ASSIGNED TASK -
Write out the following listing's lines from the one with "Gabor Ferse der" to the one with "Wabup Buka Sosialiasi", exactly, with both included and no others.

ENTRIES SUPPLIED -
===

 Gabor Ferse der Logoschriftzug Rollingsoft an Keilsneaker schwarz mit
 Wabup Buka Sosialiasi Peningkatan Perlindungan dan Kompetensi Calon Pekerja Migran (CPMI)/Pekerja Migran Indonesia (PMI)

===

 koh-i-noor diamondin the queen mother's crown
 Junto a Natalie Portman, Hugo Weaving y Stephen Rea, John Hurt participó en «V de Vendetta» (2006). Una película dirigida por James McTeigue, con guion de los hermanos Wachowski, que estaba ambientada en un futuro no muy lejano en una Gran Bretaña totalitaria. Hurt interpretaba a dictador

===

SOLUTION BELOW -
 Gabor Ferse der Logoschriftzug Rollingsoft an Keilsneaker schwarz mit
 Wabup Buka Sosialiasi Peningkatan Perlindungan dan Kompetensi Calon Pekerja Migran (CPMI)/Pekerja Migran Indonesia (PMI)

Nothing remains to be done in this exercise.